Towards Better Attribute Inference Vulnerability Measures

TL;DR

This paper introduces a new attribute inference vulnerability measure that considers both precision and recall, providing a more comprehensive assessment of privacy risks in anonymized data.

Contribution

It proposes a novel attribute inference measure that incorporates recall alongside precision and improves baseline attack evaluation methods.

Findings

Our approach correctly identified at-risk attacks in over 25% more cases.

The new measure offers a more accurate assessment of attribute inference vulnerabilities.

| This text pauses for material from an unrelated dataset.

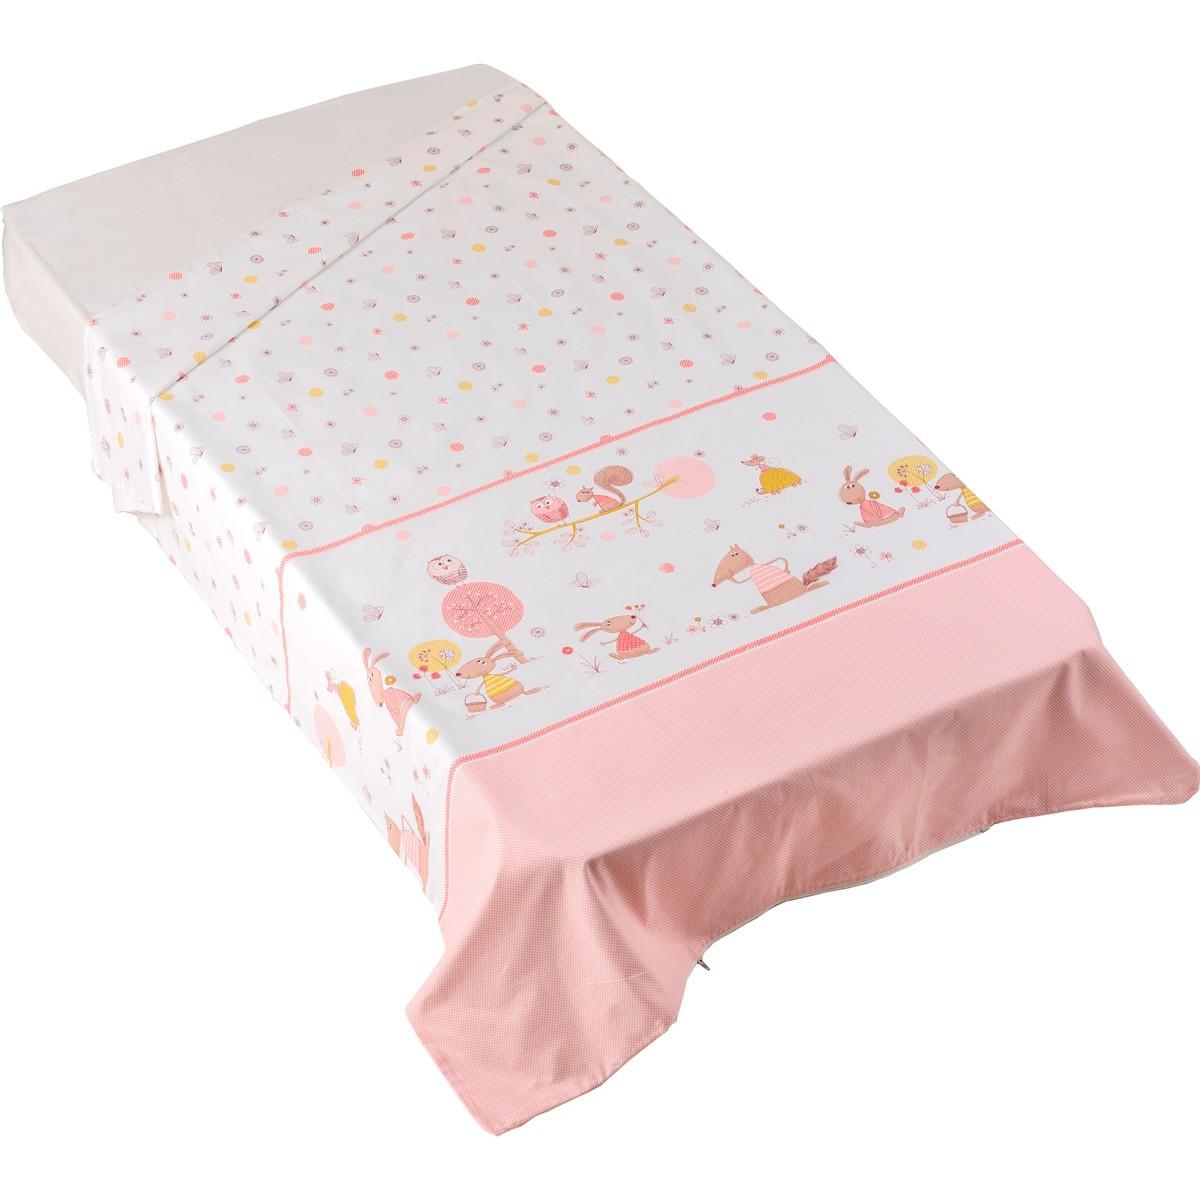 Παπλωματοθήκη Κούνιας Κόσμος Του Μωρού Countryside 0679 Ροζ

Experiments demonstrate improved detection of privacy risks in anonymized microdata.

Abstract

The purpose of anonymizing structured data is to protect the privacy of individuals in the data while retaining the statistical properties of the data. An important class of attack on anonymized data is attribute inference, where an attacker infers the value of an unknown attribute of a target individual given knowledge of one or more known attributes. A major limitation of recent attribute inference measures is that they do not take recall into account, only precision. It is often the case that attacks target only a fraction of individuals, for instance data outliers. Incorporating recall, however, substantially complicates the measure, because one must determine how to combine recall and precision in a composite measure for both the attack and baseline. This paper presents the design and implementation of an attribute inference measure that incorporates both precision and recall. Our design also improves on how the baseline attribute inference is computed. In experiments using a generic best row match attack on moderately-anonymized microdata, we show that in over 25\% of the attacks, our approach correctly labeled the attack to be at risk while the prior approach incorrectly labeled the attack to be safe.